Sunday, December 27, 2015

big data, big ideas and a big gorilla

Not a raindrop, or a mushroom, or a dark-eyed junco, just a “ >” and a “#” and a “/”. 

I have been thinking a lot about the paradigm shift in biology towards the computational analysis of big datasets. The most important skill-set for modern biologists is no longer getting crazy dirty, sweaty and blissed-out studying wild populations in the field -- but understanding how to analyze big datasets, at your computer, sitting on your butt, in your half-office. 


Now, you can be a biologist and study gigabytes of information about the natural world (DNA sequences, gene expression data, geographic distributions etc.) without ever being close to a bit of anything natural. Or you can be a biologist who studies the natural world, but does not really know the modern methods of study, just browsing the forest with a keen eye, an old-fashioned big idea (and a little secret). Are either of these biologists compromised, or can they both add valuable knowledge to our understanding of the world? Who wins: the indoorsy computer nerd, or the wild energetic explorer? Blessed are the unicorns who are both, but let’s imagine one isn’t. 


These seemingly disparate activities are unified by thoughtfully designed research questions, and the traits of curiosity, critical thinking and grit. Wake up again and walk into the cool morning forest to find species x, even though you would rather rest more in your crappy tent. Wake up again and work on the script that won’t work, even though you would rather rest more on your pillow-top mattress. Nothing is working, so think of a new approach. Didn’t get the grant you applied for? rewrite and resubmit. Paper got rejected? resubmit to another journal. Whatever it is, forest or FASTA, poison or polytomy, keep going, keep looking and keep thinking critically and creatively. 

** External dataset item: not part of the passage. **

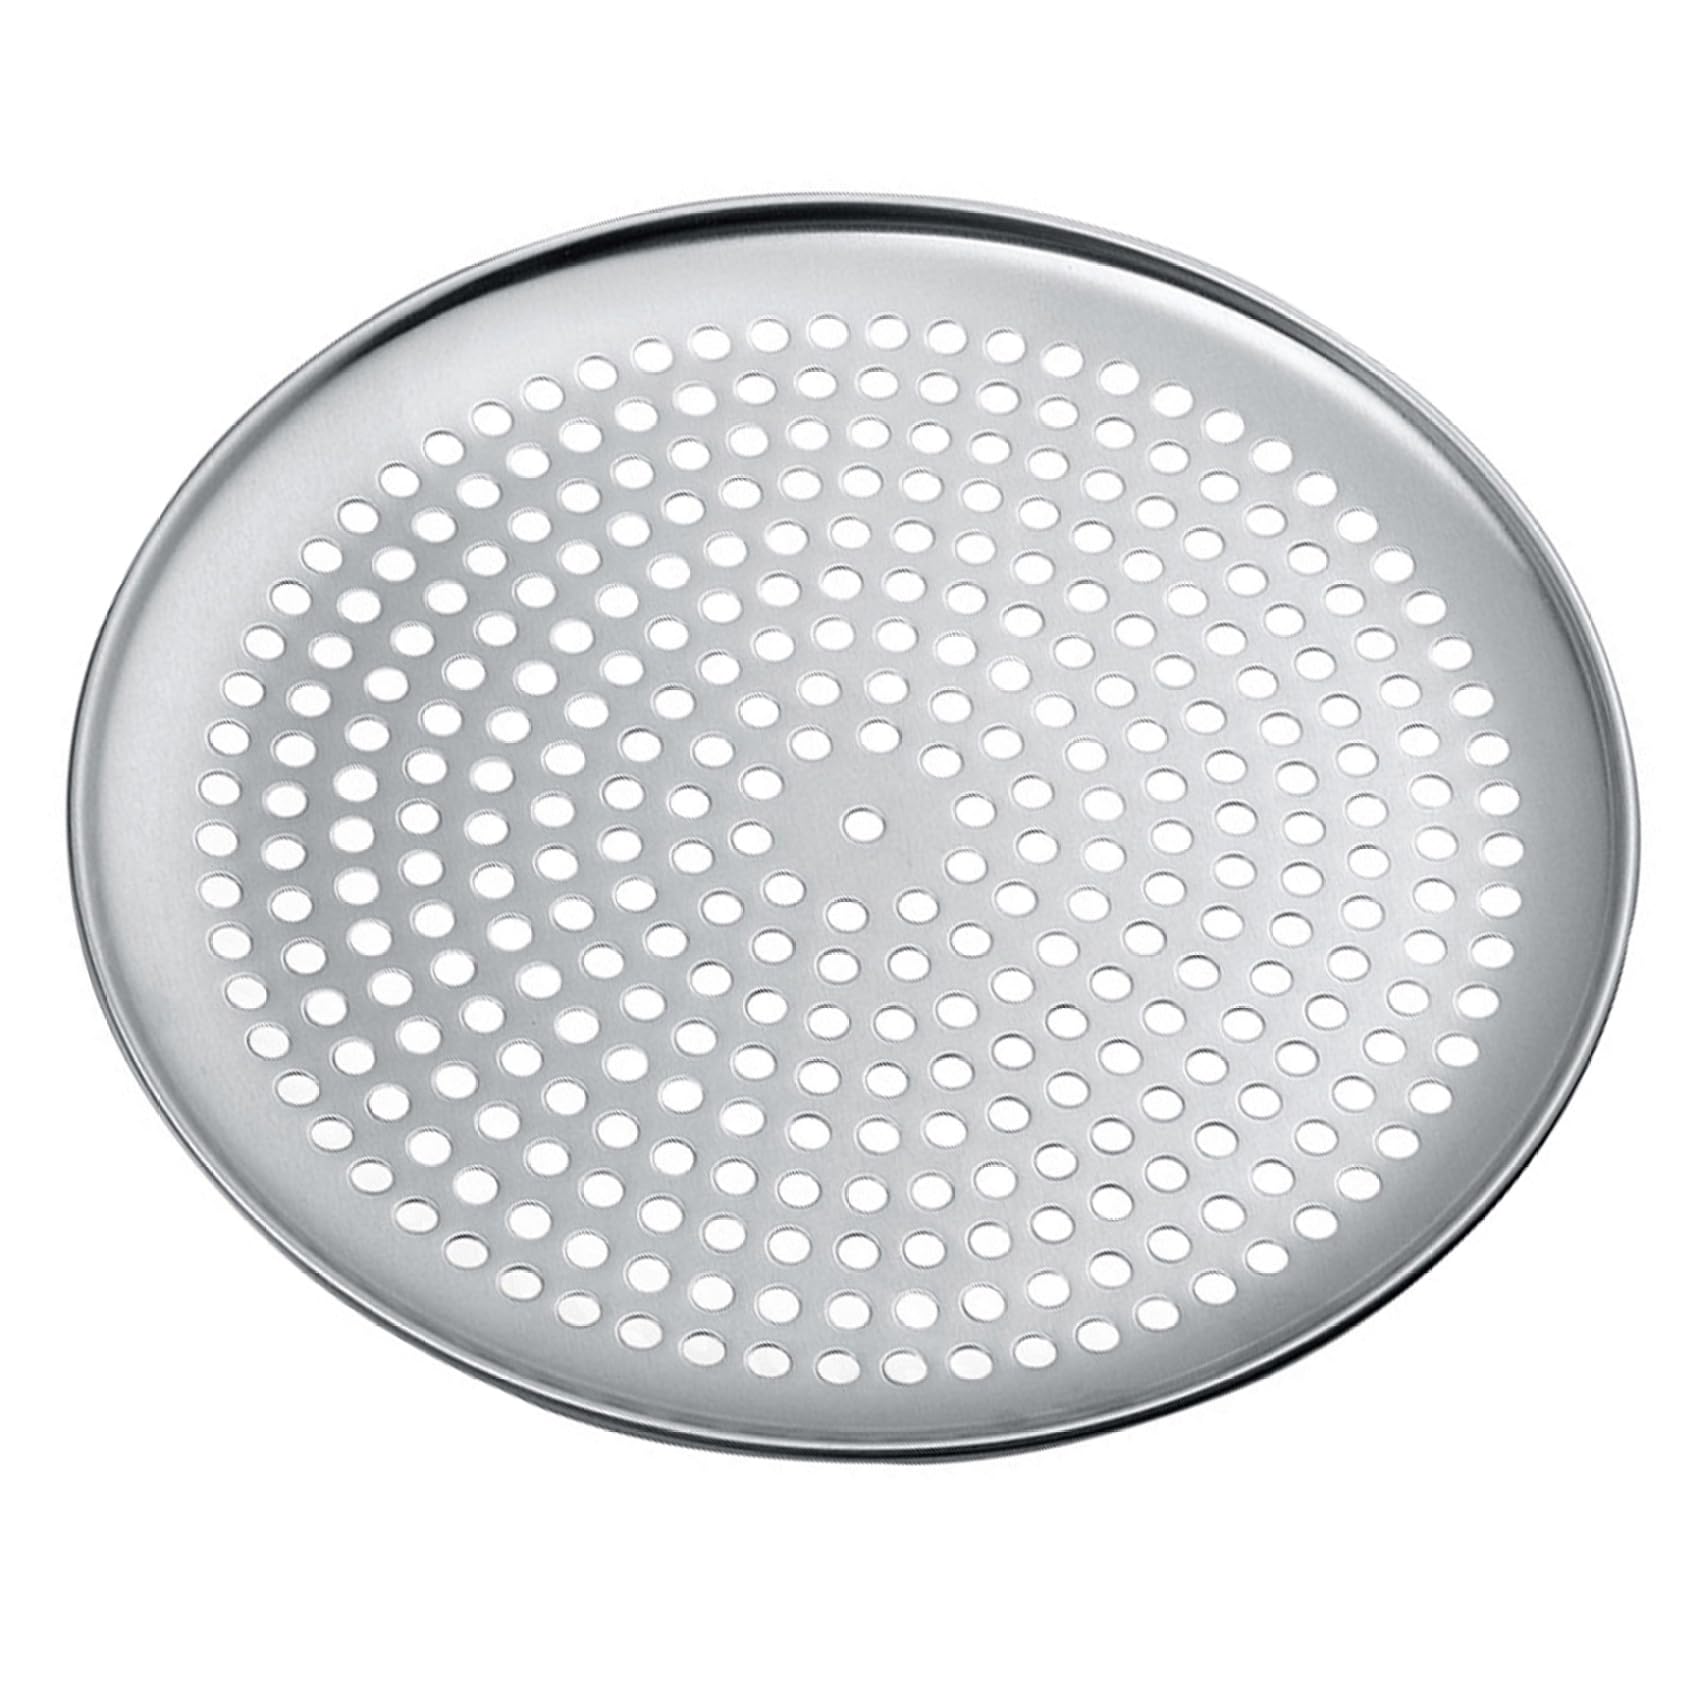 QCdeSoulBLV Pizza Pan With Holes, Round Pizza Pan 16 Inch Nonstick Steel Pizza Pan Tray with Perforated Holes for Baking Pie Pizza Crisper Server

So, what can we teach students who are interested in natural history and genetics
 that now need to know Python and R? Do we start by teaching the mechanics of Python, and save the actual pythons for later? And what if you like catching snakes, but you aren’t good at, or drawn to, coding? Is there a place for you as a biologist in this new computational jungle? 

E.O. Wilson said that you don’t have to be great at math to be a biologist, some people freaked out about this. But what he said echoes into the practice of bioinformatics too. Can you be a computer dud, but still do science today? And will this new computational paradigm favor computer wizards who may not know, or care, about complex biological processes like species formation or migrations? And how do you learn to care about these abstract processes if not by seeing and knowing the breathtaking bird, or the scales of the snake, or the big gorilla itself?